Mais dans la région Asie-Pacifique, et tout particulièrement dans la mer de Chine méridionale (où les tensions sont plus intenses), les implications stratégiques du porte-avions chinois pourraient être significatives. La Chine se montre de plus en plus déterminée lorsqu’un conflit survient dans ces eaux riches en ressources et très fréquentées; que ce soit avec le Vietnam ou avec les Philippines. La couverture aérienne assurée par le Varyag pourrait empêcher ces deux pays de se défendre efficacement face à une éventuelle attaque chinoise.

C’est également en Asie du Sud-est que les implications politiques d’un porte-avions chinois ont le plus de poids. La région Asie-Pacifique peut s’attendre à des escales périodiques du Varyag dans les prochaines années. La rhétorique entourant ces escales sera sans doute centrée sur les intentions pacifiques de la Chine et les promesses inhérentes à une coopération avec Pékin; le message sous-jacent (et presque transparent) étant que la Chine est désormais une superpuissance avec laquelle il faut compter. Ces pays se tourneront sans doute alors vers les Etats-Unis pour que ces derniers servent de contrepoids à cette menace militaire implicite, et Washington doit se préparer à répondre à cet appel au mieux de ses intérêts.
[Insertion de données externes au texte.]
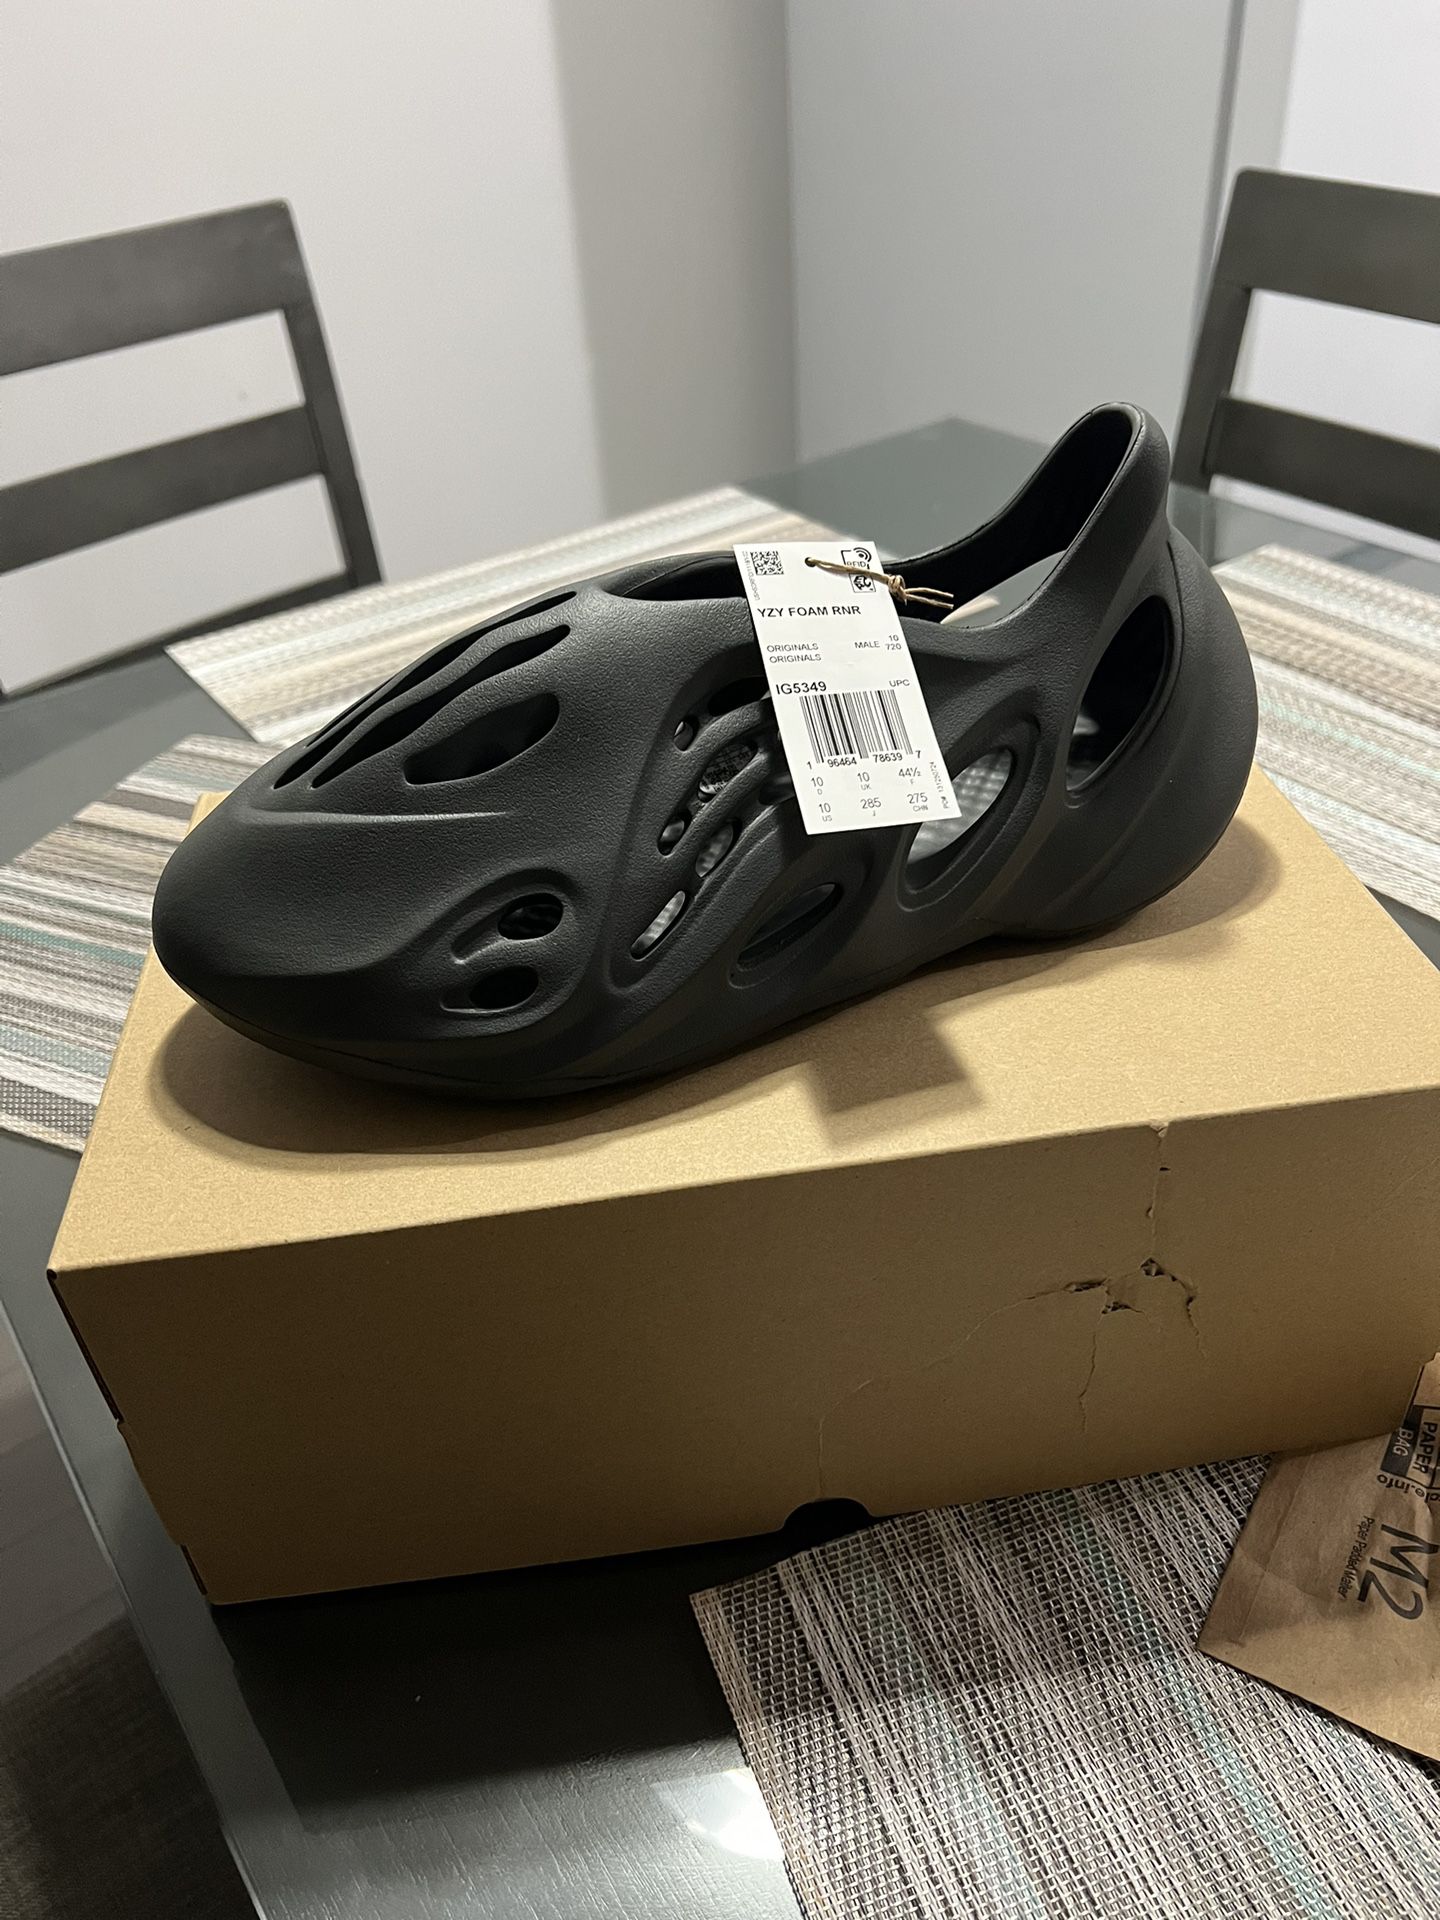 adidas Yeezy Foam Runner Carbon IG5349 Size 11
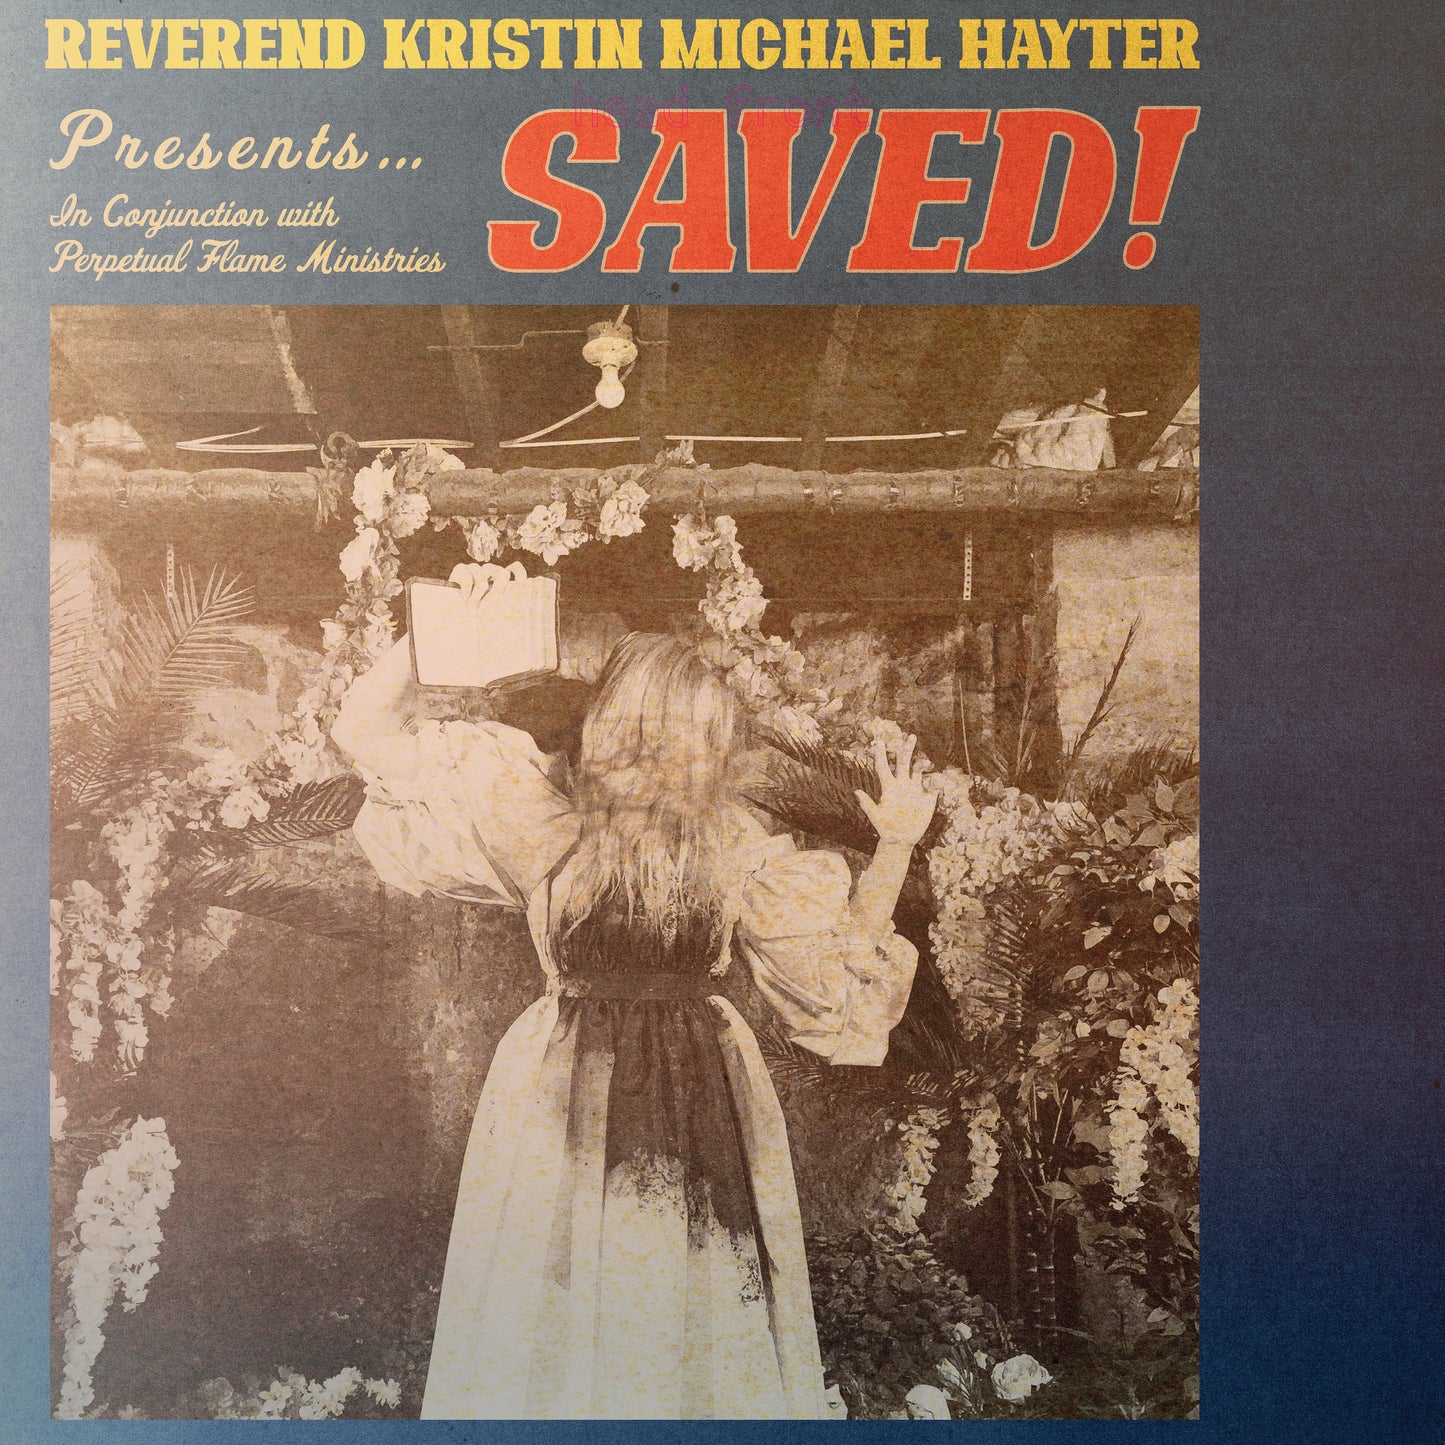 Reverend Kristin Michael Hayter SAVED!

Ce serait une erreur que d’exagérer les conséquences stratégiques de l’existence du premier porte-avions chinois. La mise en service du Varyag ne modifiera pas l’équilibre des forces militaires de manière conséquente dans la région Asie-Pacifique, et elle ne remettra pas en question la domination militaire américaine. Mais le porte-avions est un important signe annonciateur des temps à venir.

La puissance maritime de la Chine s’accroît de jour en jour. Lorsque ses porte-avions et ses navires d’escorte sillonneront les eaux du Pacifique occidental, de la mer de Chine méridionale et de l’océan Indien à une fréquence croissante, Washington sera contraint de prendre en considération la volonté sous-jacente de domination militaire continue qui est à la base de sa stratégie d’ensemble. Compte-tenu des contraintes budgétaires qui pèsent aujourd’hui sur les Etats-Unis, il est plus que jamais essentiel d’envisager avec lucidité les intérêts et les défis à long-terme de l’Amérique. L’avenir commence aujourd’hui.

Abraham M. Denmark, conseiller au Center for Naval Analyses. Andrew S. Erickson, enseignant à la U.S. Naval War College et anime un blog. Gabriel Collins, spécialiste des matières premières et des questions de sécurité, est le co-fondateur du site China Sign Report.